4) Finally, if all else fails, I’ll tell the patient I want to get their family involved. Legally no one can do that without the patient’s permission – and I wouldn’t either, and I explain that to patients. But saying those words out loud (“I think your family should know”) will often communicate (in a way nothing else will) the importance of the situation. I also explain that I don’t want the family (who loves this person) angry at me when something bad might happen and I’m forced to explain how it was that their mother/dad/grandma didn’t get the kind of test that could find and fix the problem. I also say that sometimes it helps to put more heads together on a topic like this. Usually, the family’s concern helps.
5) If all of these attempts fail, I try to ask the hard questions about why. Are you feeling down? Do you feel like nothing is worth doing? In other words, are you depressed?

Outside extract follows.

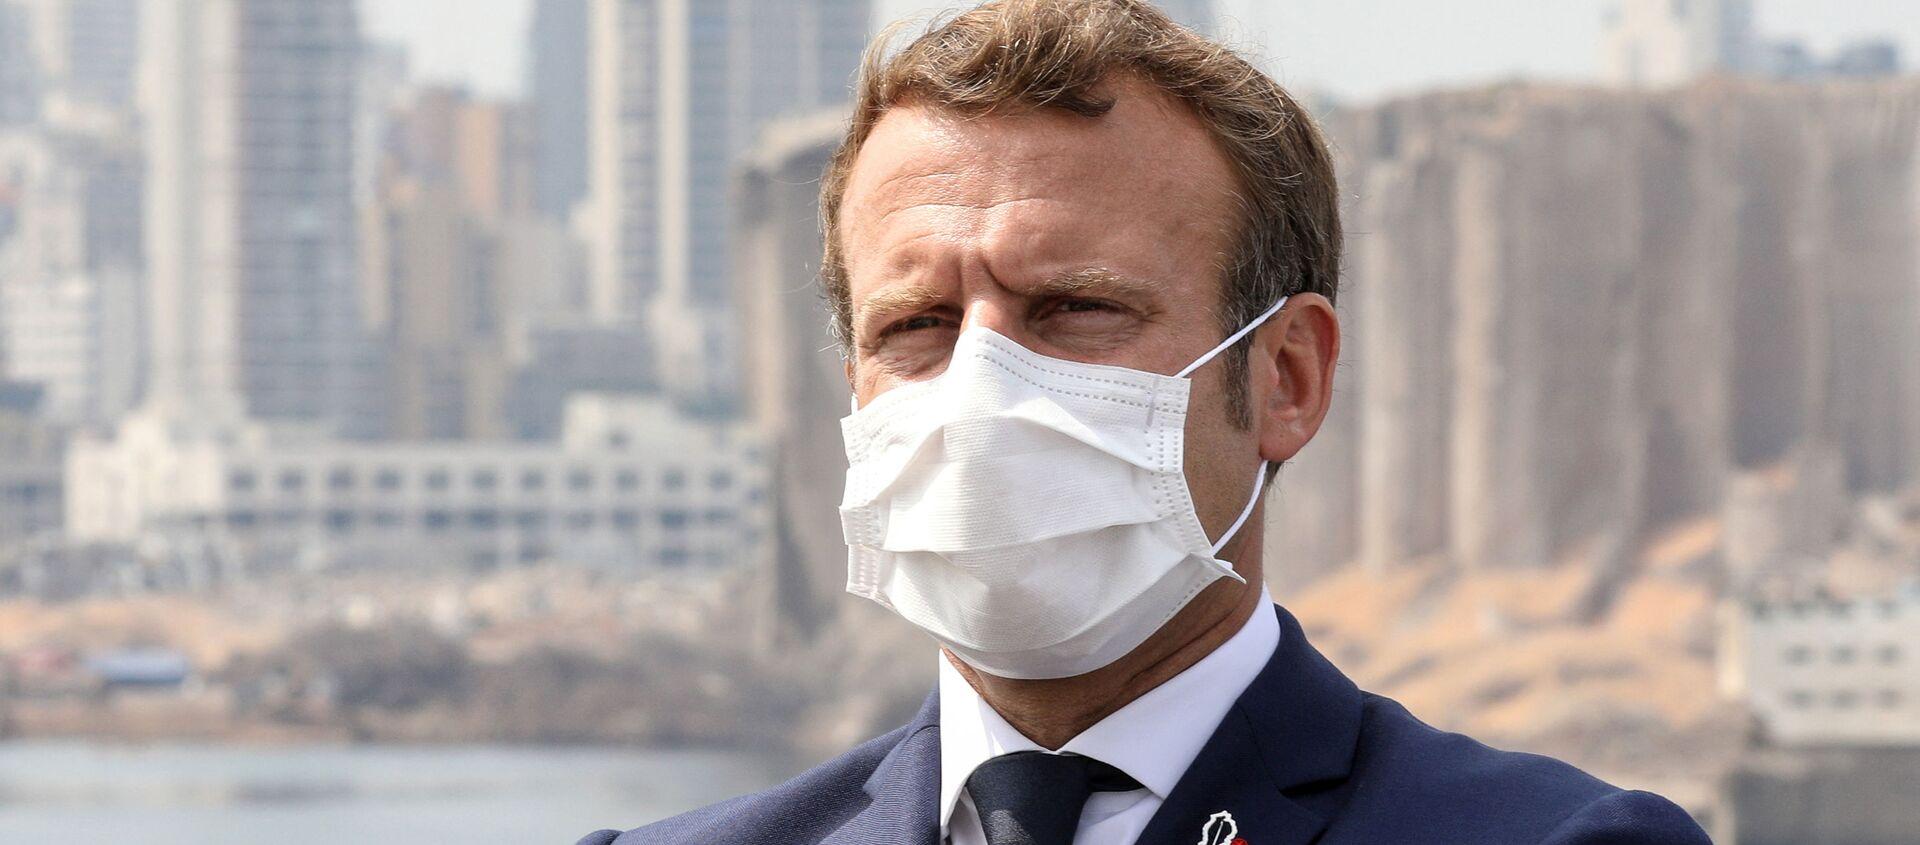 Emmanuel Macron à Beyrouth, le 1er septembre 2020 - Sputnik France, 1920, 29.09.2020

It is clearly wrong to tell every patient who declines a test that something is psychiatricly wrong with them, but depression and poor outcomes go together for a reason. Refusing logical, relatively-safe interventions for high-risk disease can be a marker of depression. Sometimes surprising (and heartbreaking) factors emerge – the physically-abusive partner, the anniversary of a loved-one’s death, the PTSD from sexual abuse at the hands of parent who died from this very same disease, etc. The doctor-patient transition from “why won’t you do this test I want” to “you may need help” is fraught with pitfalls and emotional land-mines, but it is well worth the considerable effort and time it takes to navigate this path sensitively.
6) Finally, quality improvement (QI) interventions work by being time limited and focused. Each of us has an opportunity in our practices to suggest QI topics – we are required to do an individual one for our Internal Medicine Boards renewal, almost all hospitals, clinics and insurance programs require them. February was Black Future Month here at Doc Gurley.com, just to make sure some often-neglected topics got pushed to the front. Each of us might want to consider looking at differences in an outcome measure, by race, as a part of our next round of QI interventions, even though, based on this week’s research, the results may make us feel like squirming.